India's highest court ordered on Monday a retrial of a high-profile murder case after 20 Hindus were acquitted of slaying 12 Muslims during religious riots in Gujarat state in 2002.
The Supreme Court ordered Gujarat's Hindu nationalist government to take up the issue of a retrial through state prosecutors. In a rare move, it also ordered the new trial be moved from Gujarat to neighbouring Maharashtra state.
"This judgement is a victory for justice, secularism and the Indian constitution," said Mihir Desai, a lawyer for survivor and chief witness Zahira Sheikh, 20.

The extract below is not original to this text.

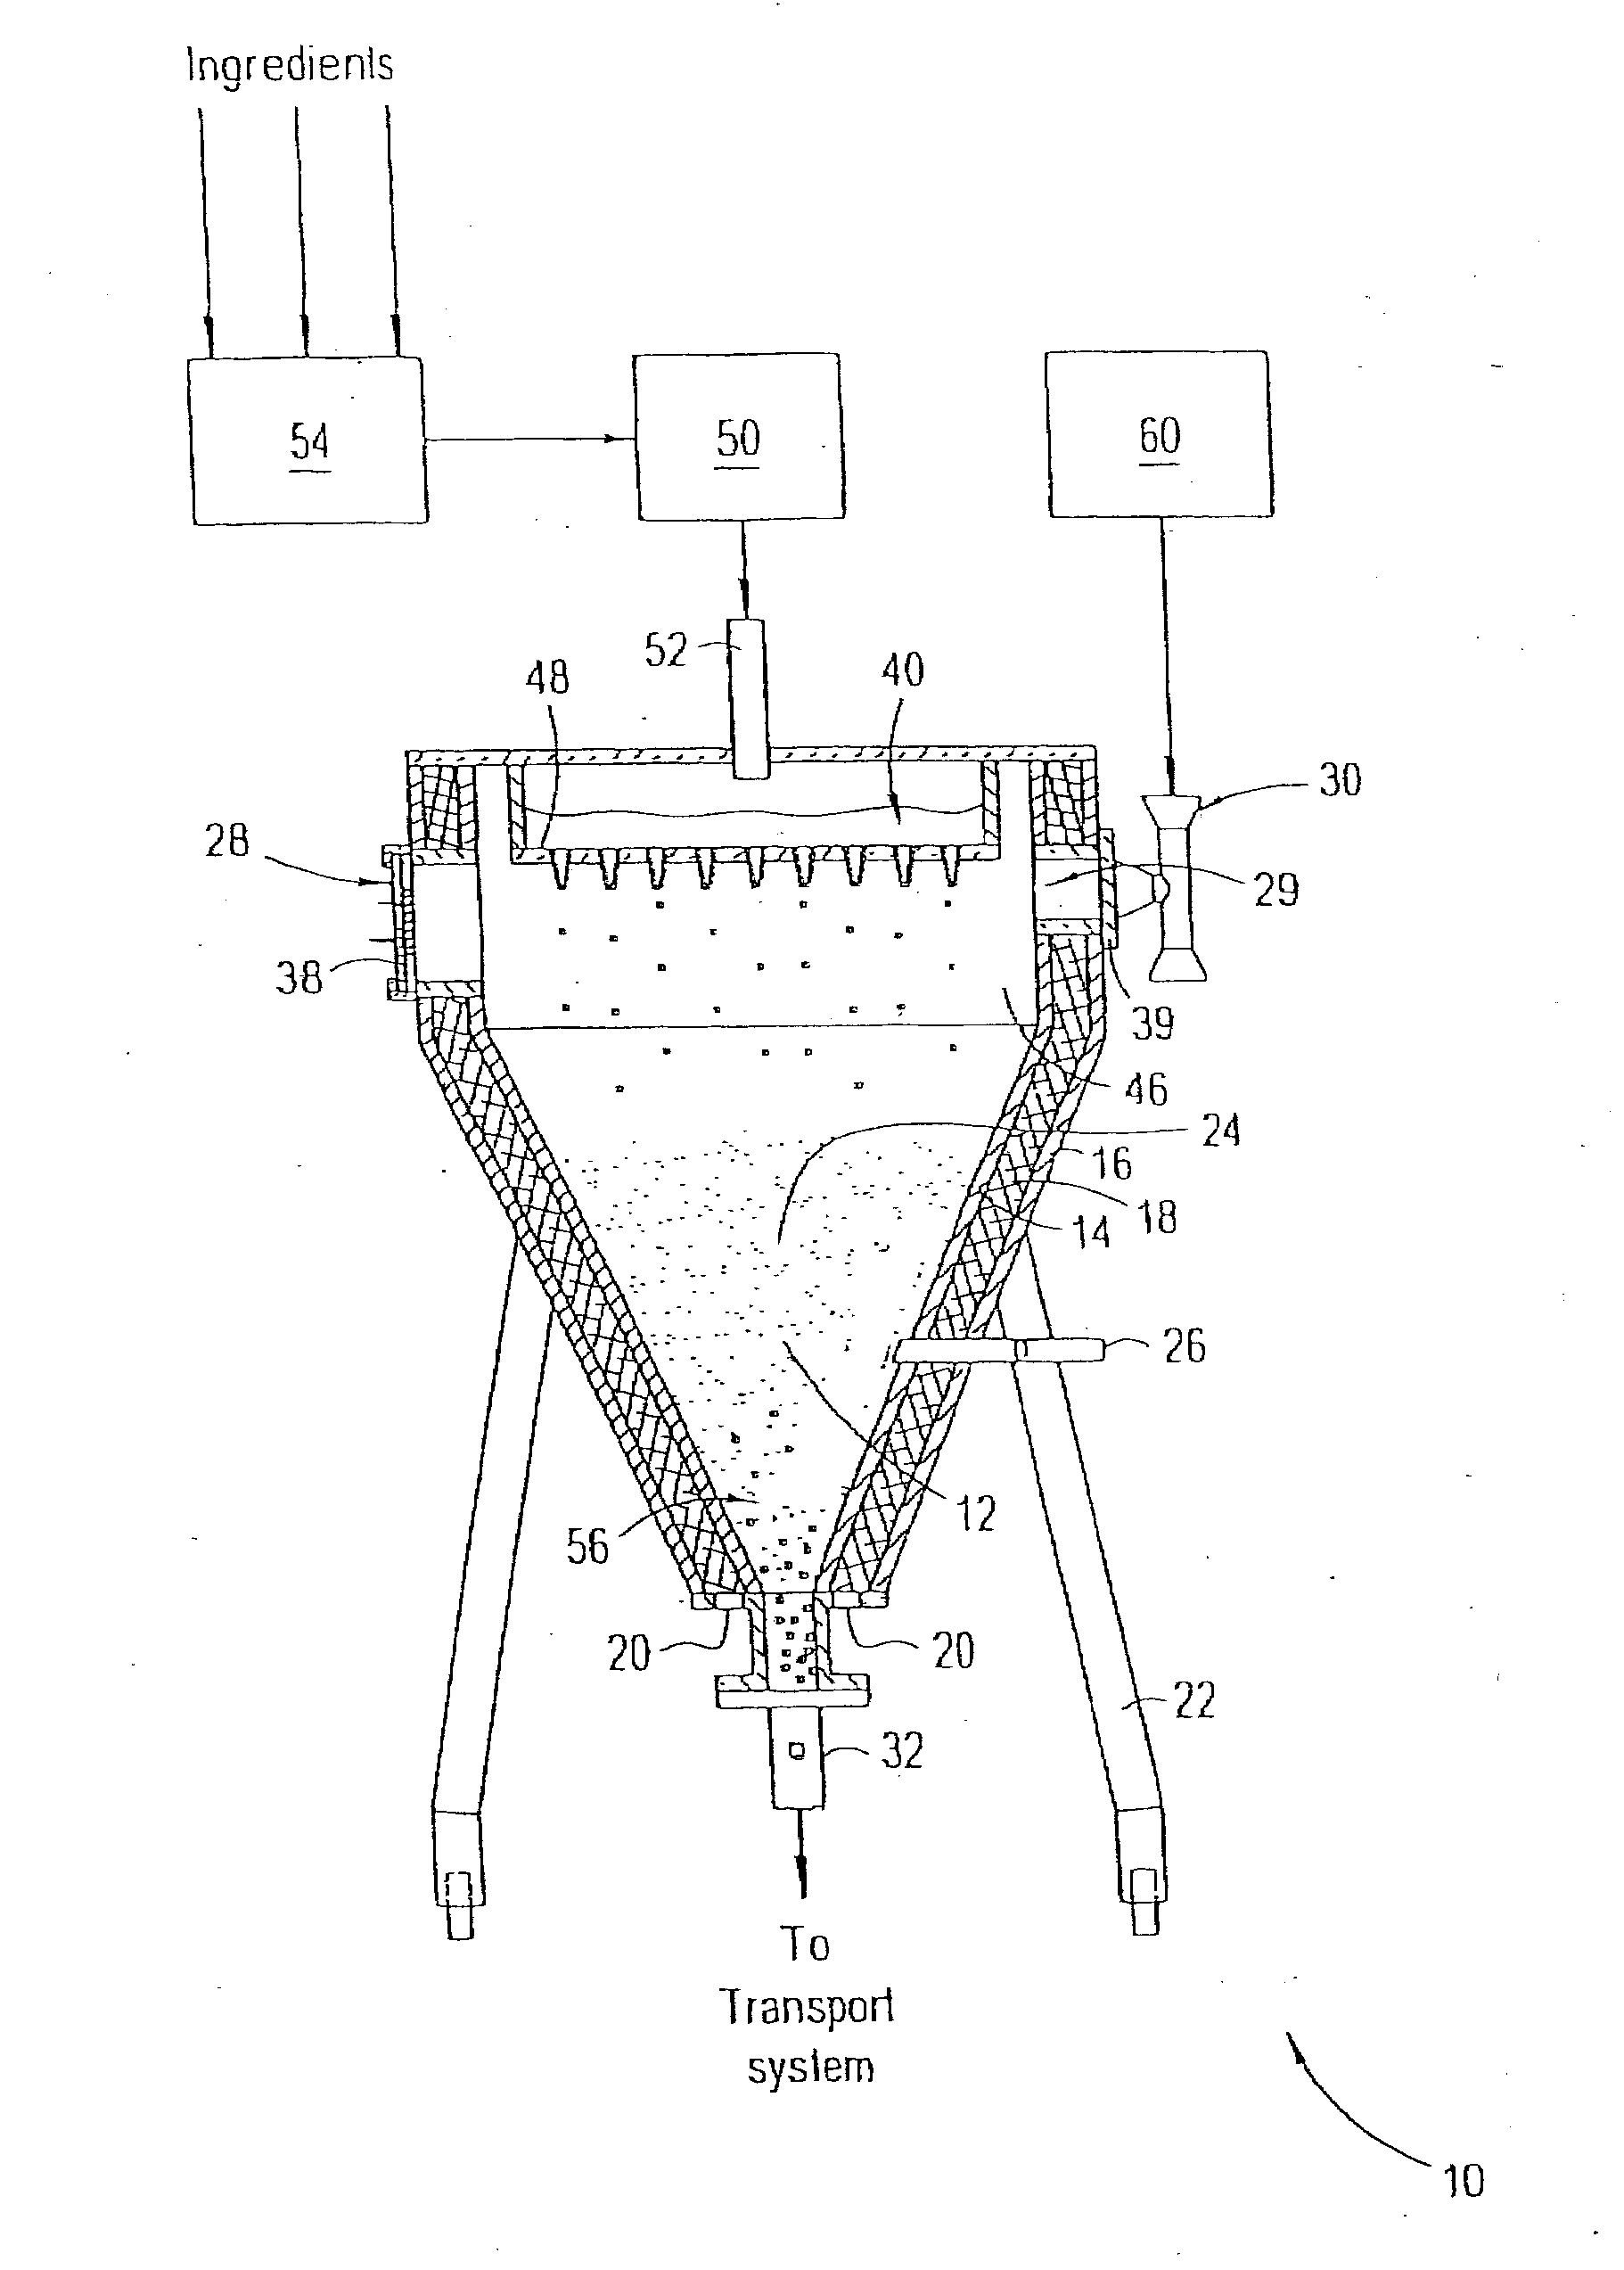 Method and system for flash freezing whey liquid and making beverages therefrom

The Best Bakery case, named after the shop where the killings happened, has come to symbolise the lack of major progress in bringing to account those responsible for the riots in which rights groups say about 2,000 people, mostly Muslims, died.
The riots broke out after 59 Hindu pilgrims were burned to death in an attack on a train.
Sheikh had appealed to the Supreme Court for a retrial outside Gujarat after saying she had been intimidated into changing her testimony in the original case.
"This is a historic judgement. Retrials are very rare in India. And it's even rarer for a trial to be transferred on the basis of a statement by one witness," another of her lawyers, Aparna Bhat, said.
Senior Gujarat official K. Nityanandam said the government had yet to receive a copy of the order, but added no appeal was possible and it would have no choice but to implement the ruling.
Teesta Setalvad, editor of the magazine Communalism Combat and an activist helping riot victims, said she hoped the verdict would give fresh hope to survivors.